Based on documents available on the internet and scientific literature on pTA published since the 1990s, we have identified 20 pTA exercises in the field of genetically modified foods, 15 of which involve lay people. These can be subdivided into eight consensus conferences, three focus groups, one charrette, two 21st century town meetings, one scenario building exercise, and one event in a science museum that cannot be categorized. The UK’s ‘consumer views on genetically modified food’ combined focus groups, a local citizens jury and events for students, but we have listed it as a focus group exercise because the exercise consisted mainly of focus groups. Of the 15 lay pTA exercises, 13 were organized by specialized technology assessment bodies or state institutions, one by a research organization that had no direct link to a national parliament or government (Citizen GMO UK) and one by a science museum (Future Foods (UK)).

The common objectives of almost all of these pTA practices comprised the improvement of information about genetically modified organisms, the stimulation of a broad public discourse based on a higher quality level, and the facilitation of dialogue between experts and non-experts. Some organizing bodies additionally mentioned that they wanted to test or improve methodologies of discursive practice.
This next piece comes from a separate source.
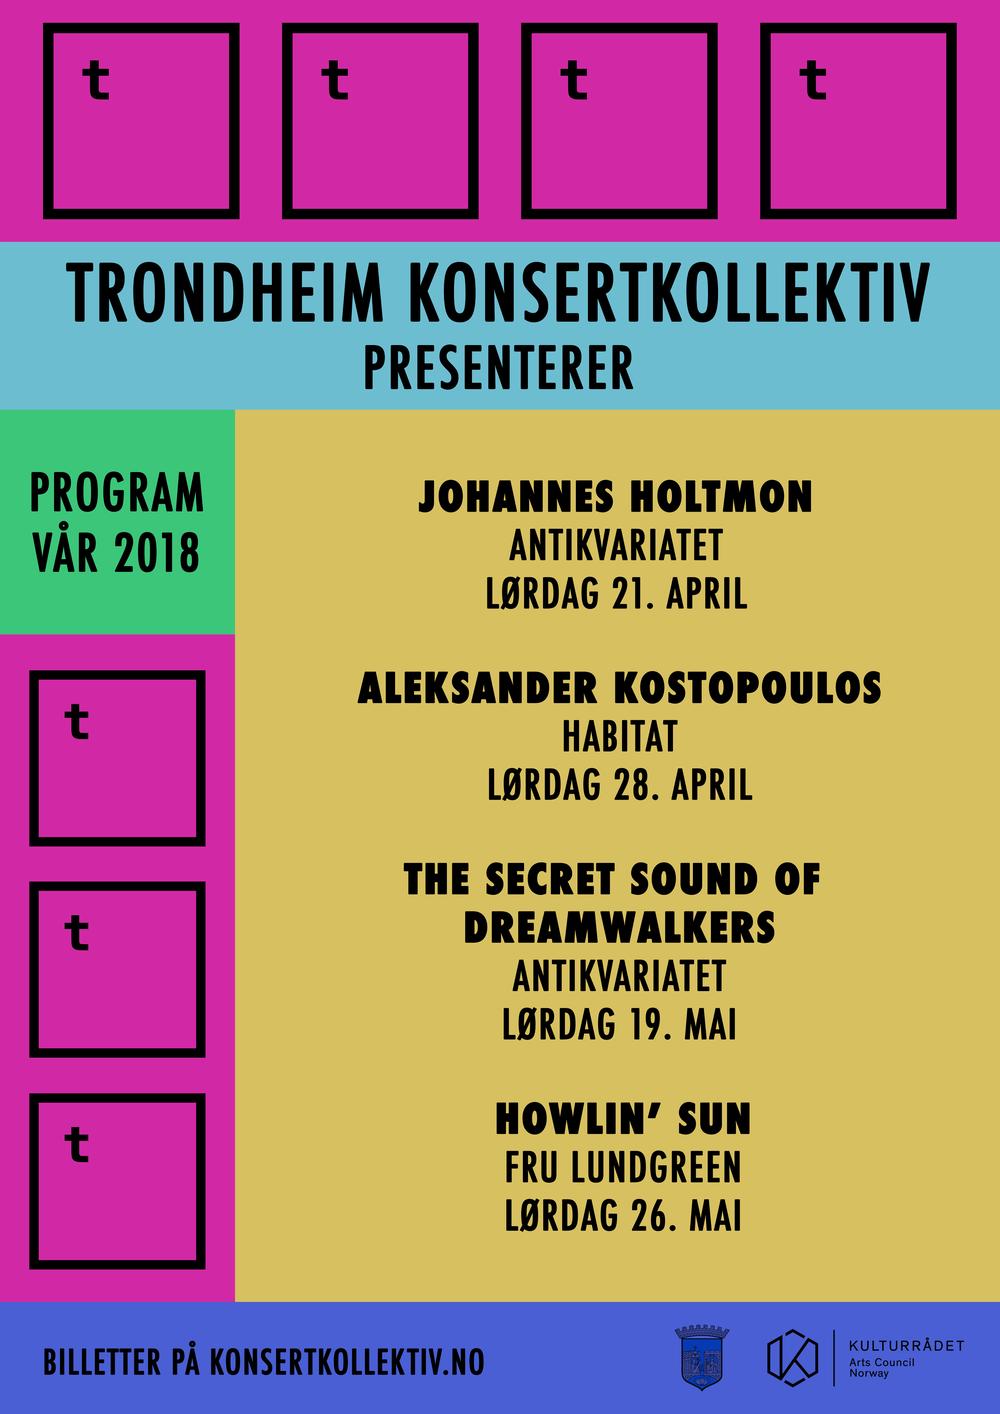 PROGRAMPLAKAT VÅR 2018

Regarding the impacts of the analyzed practices, the picture is mixed. Nearly all practices ended with written reports, but for many of them, the trail of political impact got lost after the written report and some press coverage, especially in France, the UK and Germany. Other procedures, however, seemed to have a closer link with political institutions. TA-SWISS, for example, was able to present the results of a citizen conference, or ‘PubliForum’, on genetically modified food to the parliamentary commission for science, education and culture. The Danish Board of Technology stated that political interest in the field of genetically modified food had increased in the wake of a consensus conference held on the issue, and that both national and EU politicians had shown interest in the project, with a view to becoming better informed about citizens’ perspectives. In the end, however, the interest shown may not have been sufficient to modify policies or regulatory principles (Hansen 2006). In Norway there was the special case of two consecutive consensus conferences within 4 years with the same lay panel. Both enjoyed high mass media coverage, and the conference facilitators were invited to present the major conclusions and recommendations in the Norwegian parliament.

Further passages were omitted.